”IT’S got a flowery nose, the upper palate is reminiscent of cut grass and there’s an overtone of biscuit that reminds drinkers summer is here.”
The latest wine snob’s dissection of a drop that would, in the past, have been summed up as ”goes well with fish”?
Nope, that’s a drinker discussing the latest craft beer, the new battleground for quaffers looking for something different and those who are finally admitting the schooner their dad drank might not be as good as they were raised to believe.
Around the world craft beers are booming, with micro-breweries multiplying to fill newly created niches. India pale ales are popping out of Enmore and American Lagers from Melbourne. And it’s only going to get bigger, the beer makers agree.
”If you look at where the craft beer market is in America, where they make up about 8 per cent of the market, then compare that to here where it’s about 2 per cent, we’ve got a bit of catching up to do,” said Richard Adamson of Young Henrys brewery in Newtown.
”And I think that will happen. People enjoy knowing the provenance of their foods, where it comes from and who’s making it and that’s extending into beers. Local brewers and local beers are something we always had, that went away for a while and are now coming back. There’s been a real turnaround in attitudes.”
Matt Donelan’s St Peters Brewery, of that suburb, is typical.
After 12 years of quietly taking on the big breweries, he now has six main beers in production, mostly sold in just three postcodes to keep their carbon footprint low and to make sure his locals get something different.
”There’s enough outlets in my little corner of the world to satisfy a small brewery like this so rather than take a scatter gun approach and lose control of the brand I went local.
”Firstly, you get a lot of support from the community and, secondly, it means all my logistics are a lot easier.”
Until recently, for example, all his beers were delivered in the back of his trusty Kingswood. Now he has a small truck but little else has changed.
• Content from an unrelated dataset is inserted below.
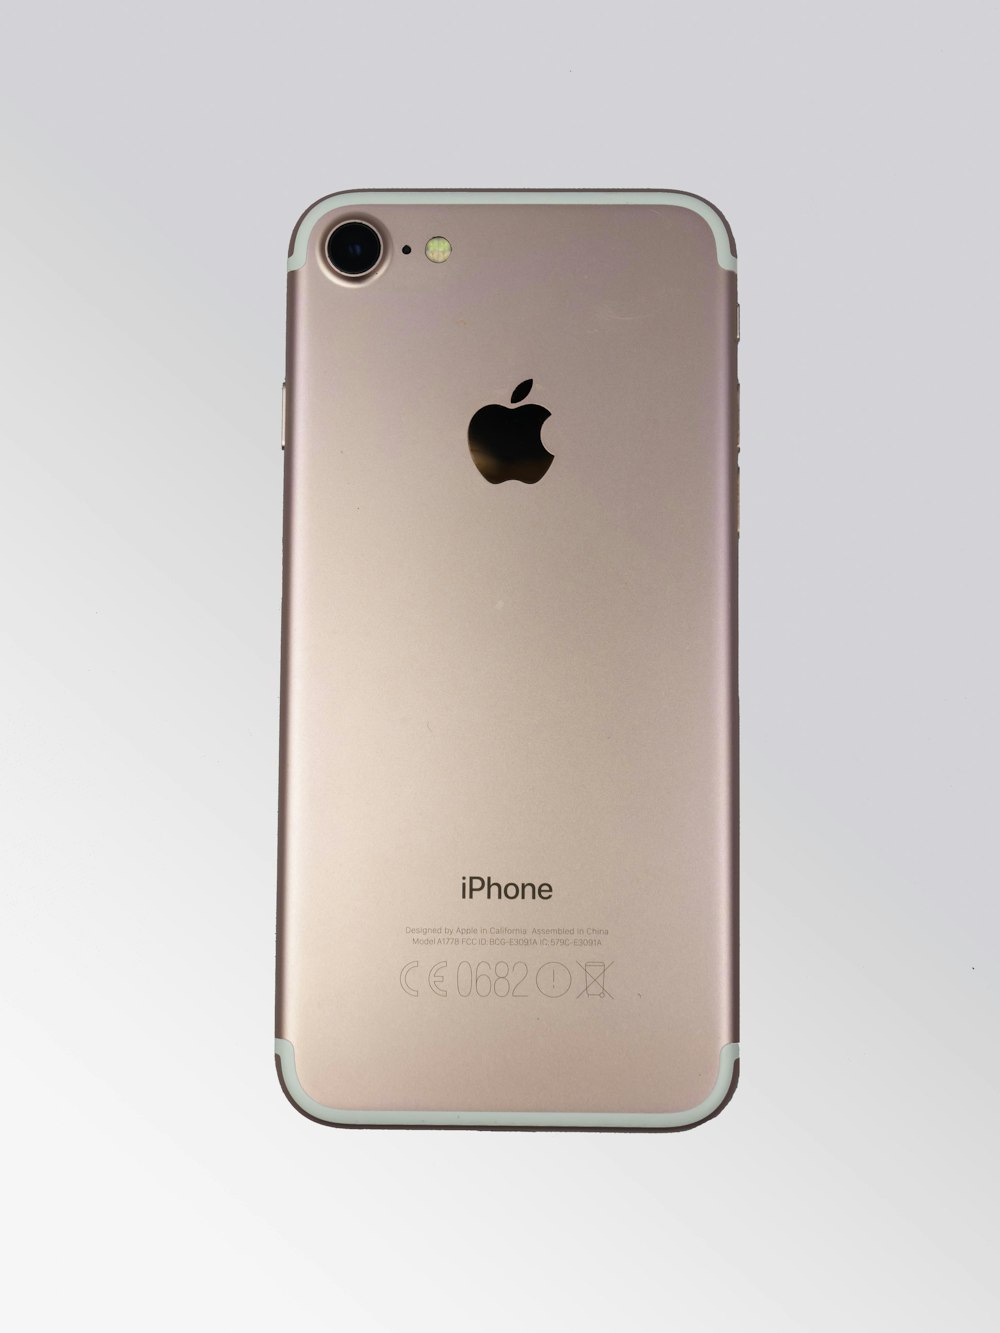 Rose gold iphone 6 s photo – Free Phone Image on Unsplash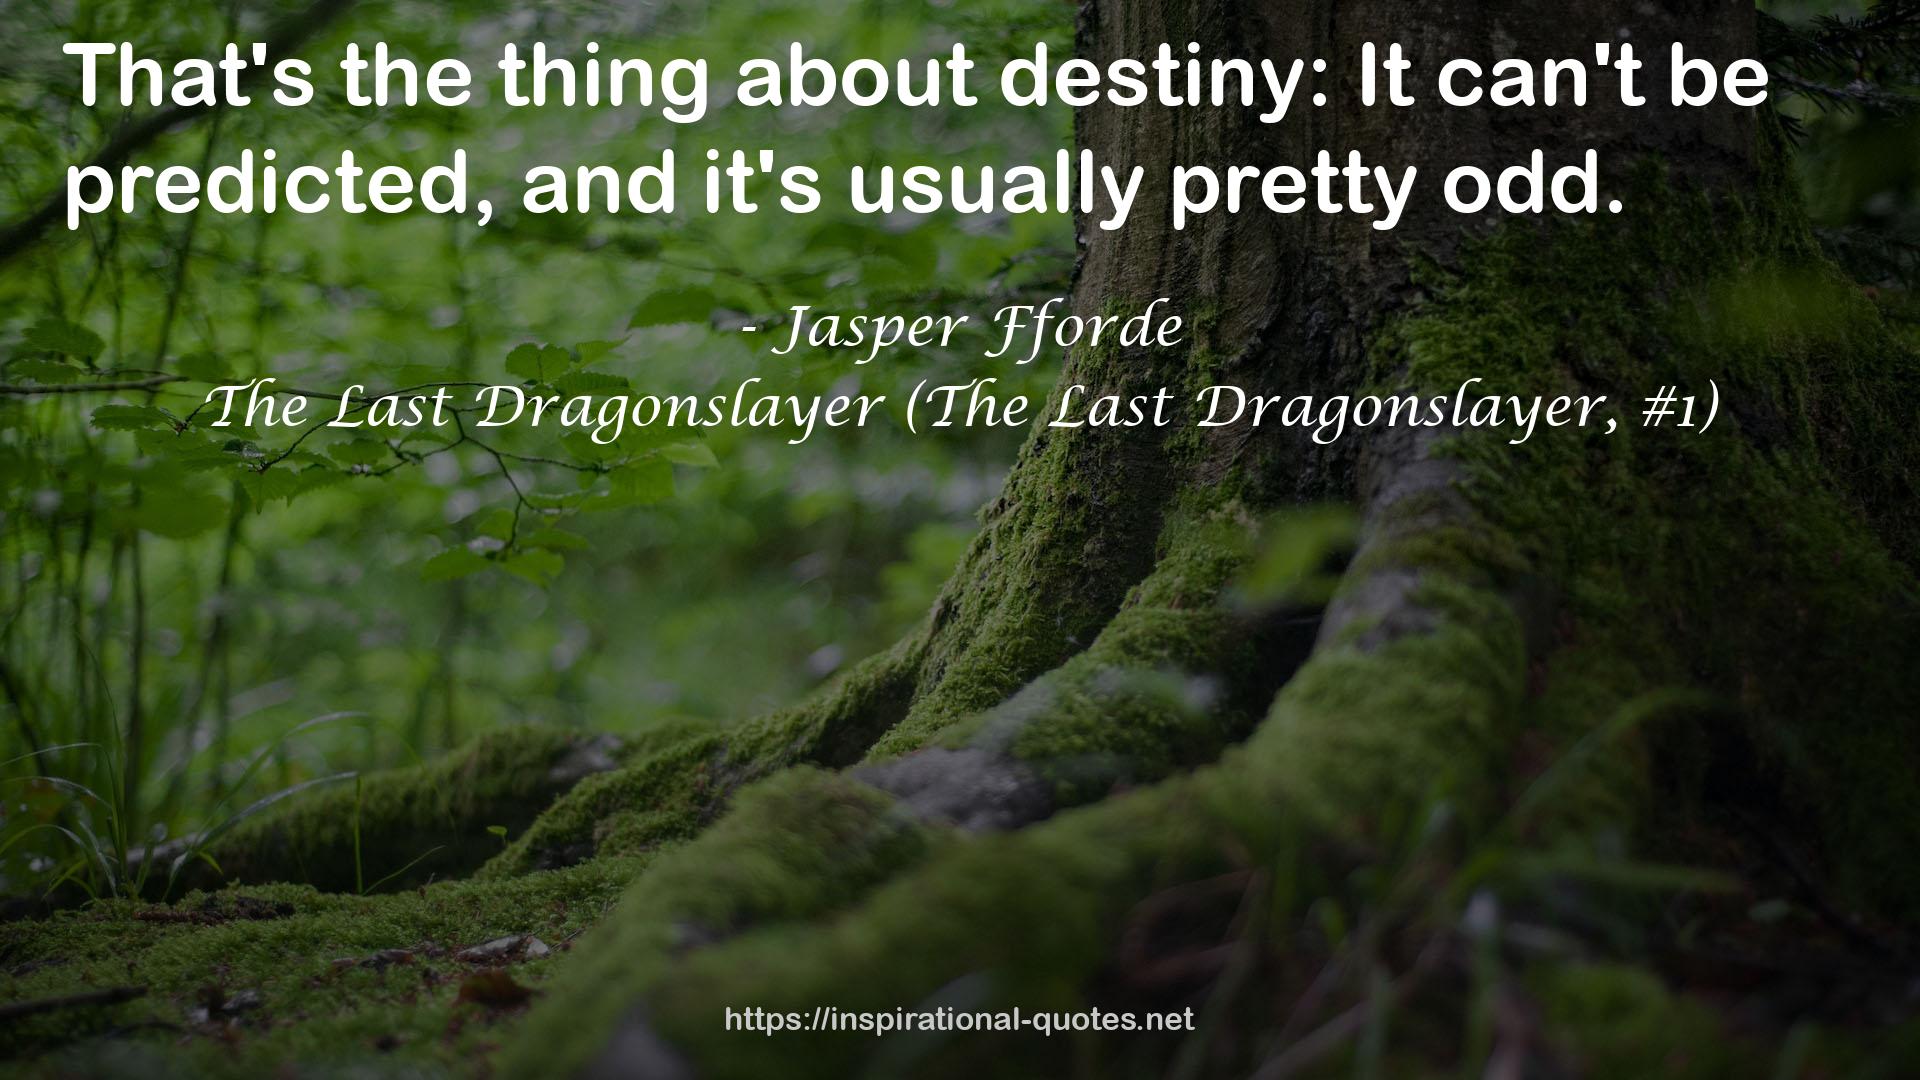 The Last Dragonslayer (The Last Dragonslayer, #1) QUOTES

He points out the irony that as the attraction of craft beers has risen, the larger brewers have jumped on board.
That probably has something to do with the fact a ”craft beer” can be sold at a premium price. A six-pack of Resch’s might cost you $15. Six stubbies of White Rabbit White Ale will set you back $20. In between is something like James Squire Nine Tales Amber Ale at $18. That’s a beer touted by its maker as a craft beer but ultimately owned by the Japanese multinational brewer Kirin.
”The term ‘craft beer’ is misunderstood and being overused,” Donelan said. ”You hear that and assume it’s a funky little brewery somewhere but that’s often not the case. I don’t have a problem with the beers they’re making, but to call it a craft beer is a bit of a furphy.”
But then there’s the upside of craft’s success: that traditional beers abandoned through the years can be revived by the big brewers who know there will now be a market for it.
Even the revered KB Lager in its iconic gold can, given up for dead by CUB last year, may see the light of day again. ”At the moment we have no plans to bring KB back on a large scale,” a CUB spokeswoman said. ”It is a great brand that we will continue to brew on special occasions.”
”Refreshing as a sea breeze,” the old KB posters boasted. And in the brewing world the wind has definitely changed.
Sydney Craft Beer Week starts today as part of Crave Sydney International Food Festival.